Pas simple d’organiser un salon de plus de 170’000 personnes, sur plusieurs lieux dans la ville, en gérant la logistique, la nourriture, le café, la sécurité pour tous… et même un concert regroupant simultanément Janet Jackson et… Metallica! Quelques ratés, mais le job est fait, et bien fait.

Plus compliqué à appréhender pour nous européens, et à gérer pour Marc Benioff, Dreamforce a été perturbé par plusieurs interventions d’activistes, autour du contrat avec U.S. Customs and Borders Protection (CBP).

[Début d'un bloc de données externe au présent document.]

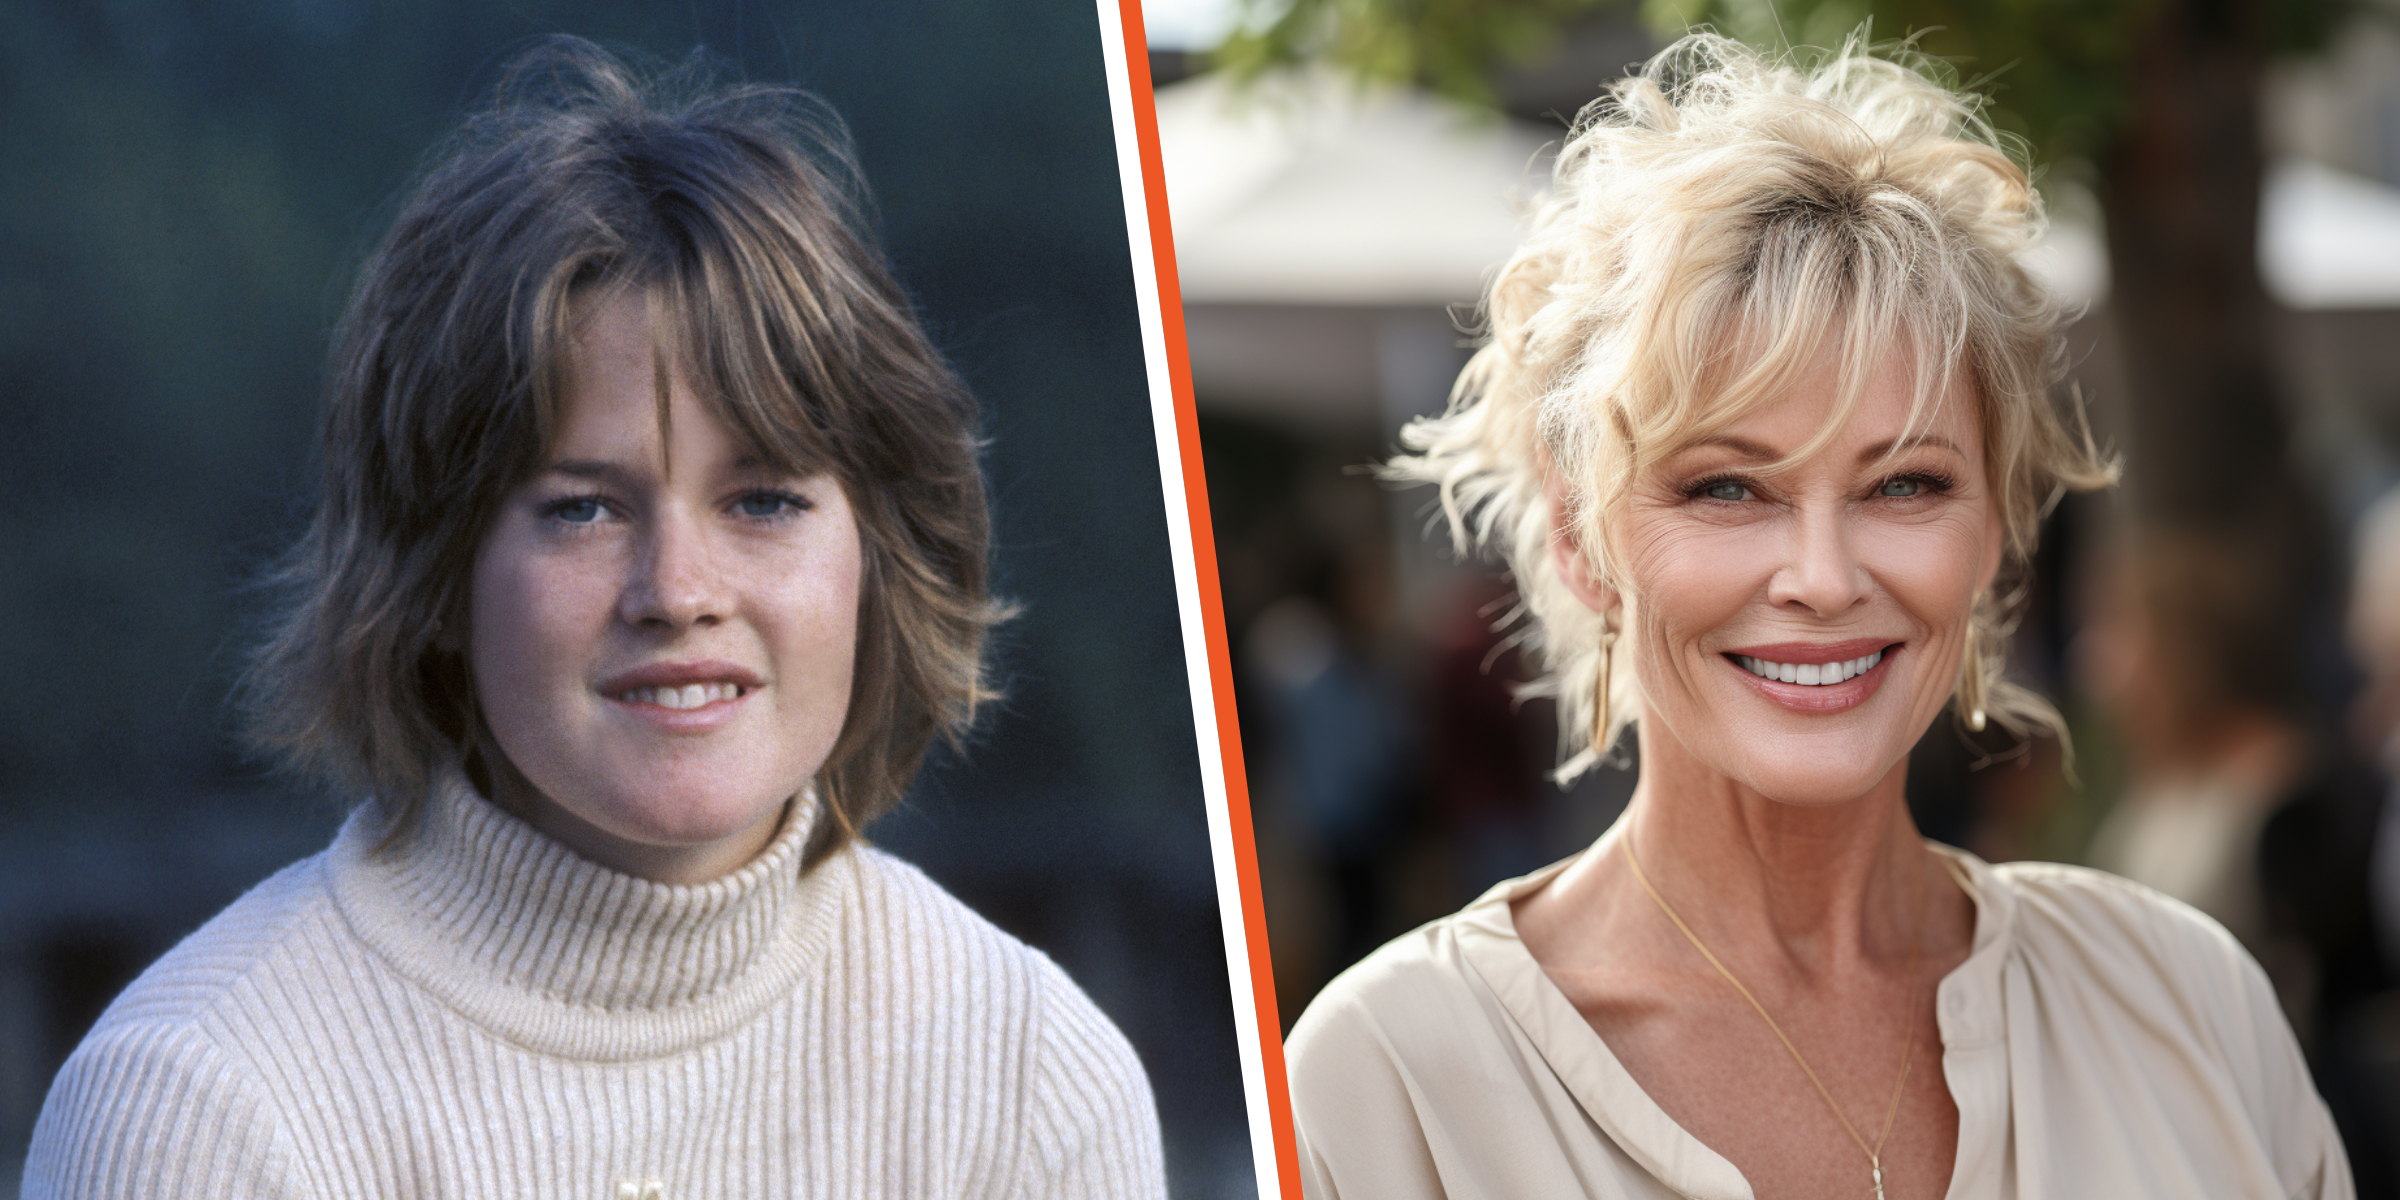 Melanie Griffith | Sources: Getty Images | Midjourney

En mars, Salesforce avait annoncé avoir signé un contrat avec CBP pour « moderniser ses process de recrutement, de l’embauche à la retraite, gérer les activités aux frontières et les relations digitales avec les citoyens ».

Pas de bol, c’est ce même CBP qui s’est illustré en séparant les enfants de migrants de leurs parents, ou en les mettant en cage..

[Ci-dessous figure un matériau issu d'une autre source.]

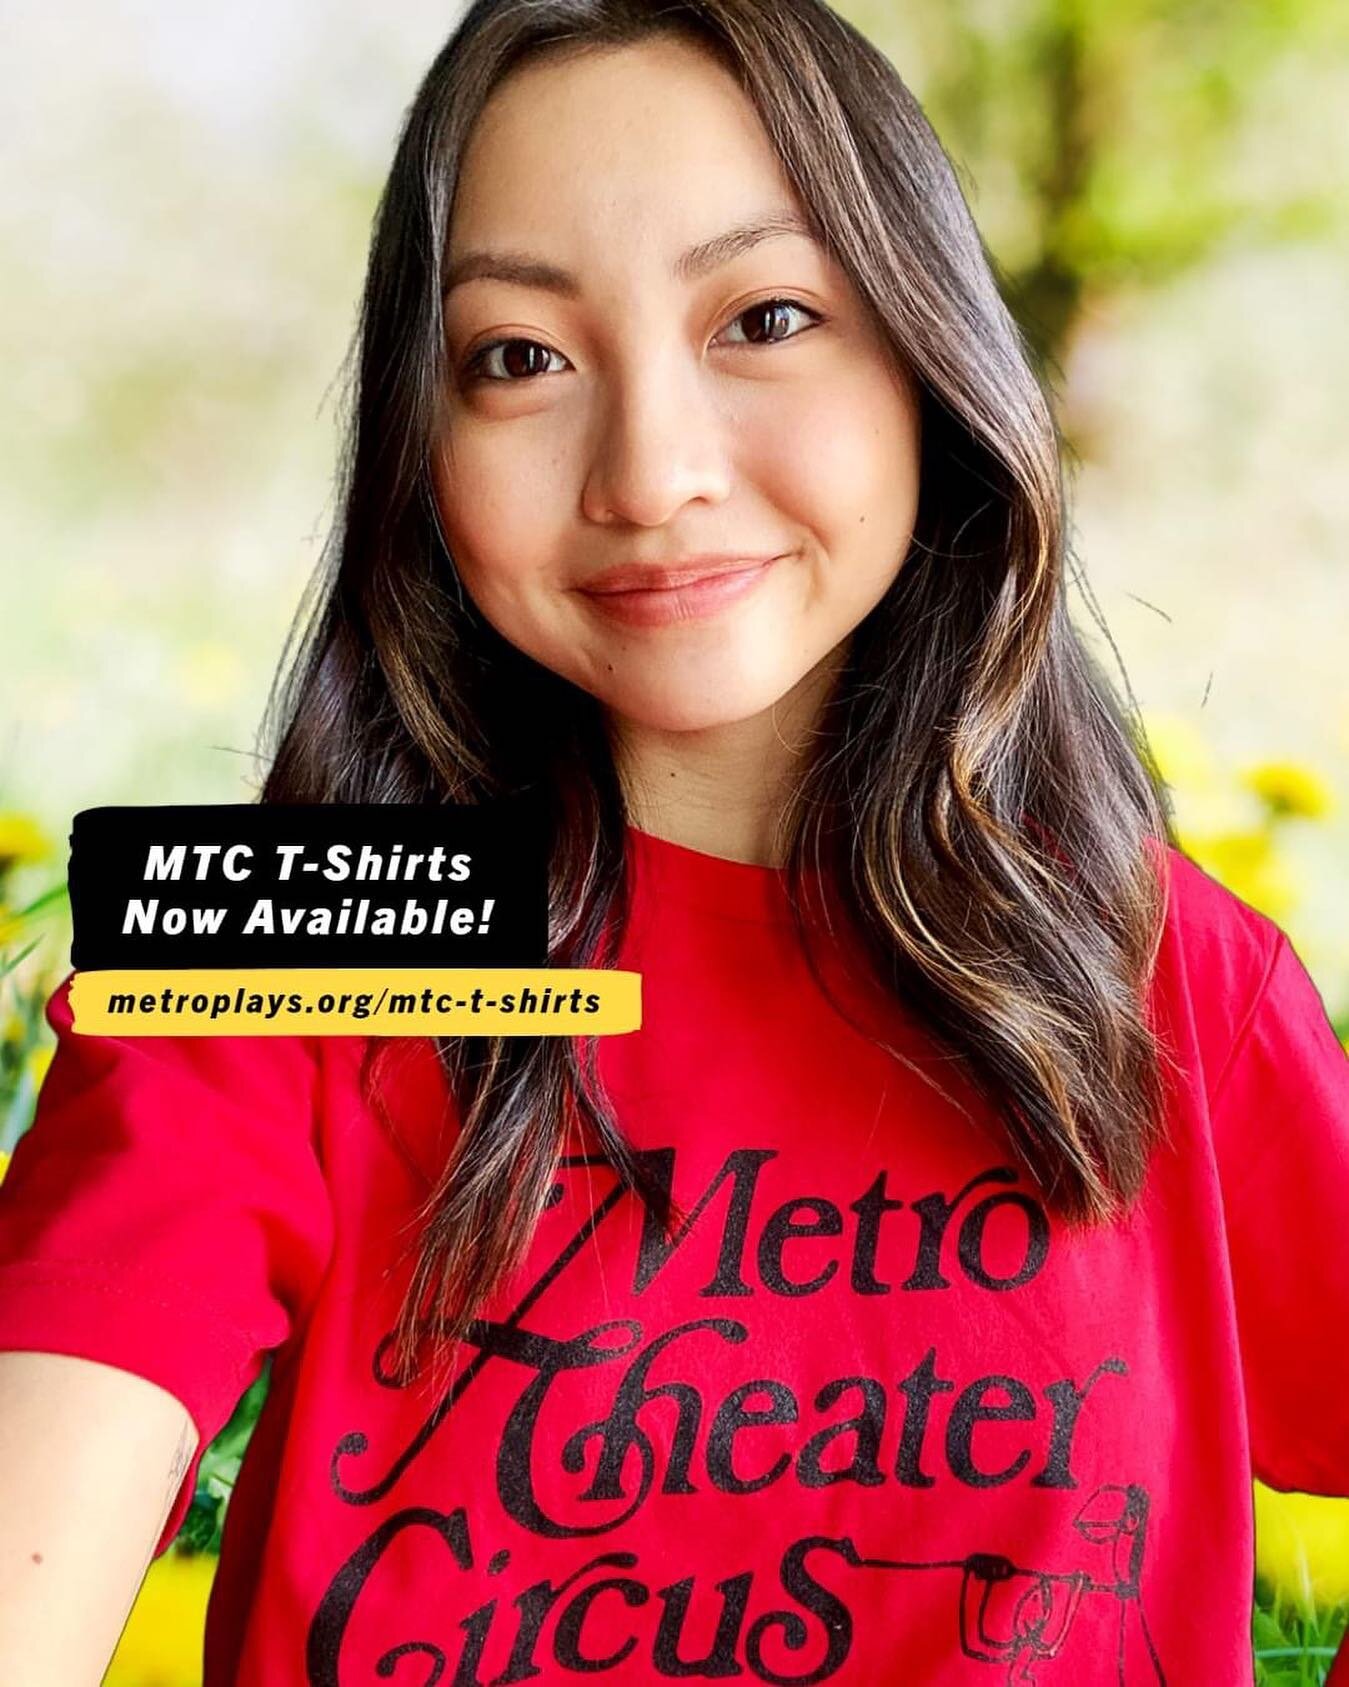 There's still time to buy a limited edition Metro Theater Company t-shirt created by @stlstylehouse! Perfect for summer! 🌻 We have 5️⃣ shirt options to choose from, including this vintage design. A portion of sales goes to support MTC's mission. 💙

Les activistes sont venus avec une cage pour raviver le sujet, ou ont projeté des messages sur les murs des bâtiments environnants lors du concert…

Sujet d’inquiétude également pour plusieurs participants : l’écosystème Salesforce devient tellement vaste, qu’il devient impossible de véritablement l’appréhender… le rythme des acquisitions rend compliqué les intégrations et l’homogénéisation des fonctions….

 

CONCLUSION

Au bilan, un cru 2018 un peu moins « brillant » que les années précédentes, mais non moins stratégique.

Salesforce est le leader du cloud et de la relation client, et entend bien le demeurer.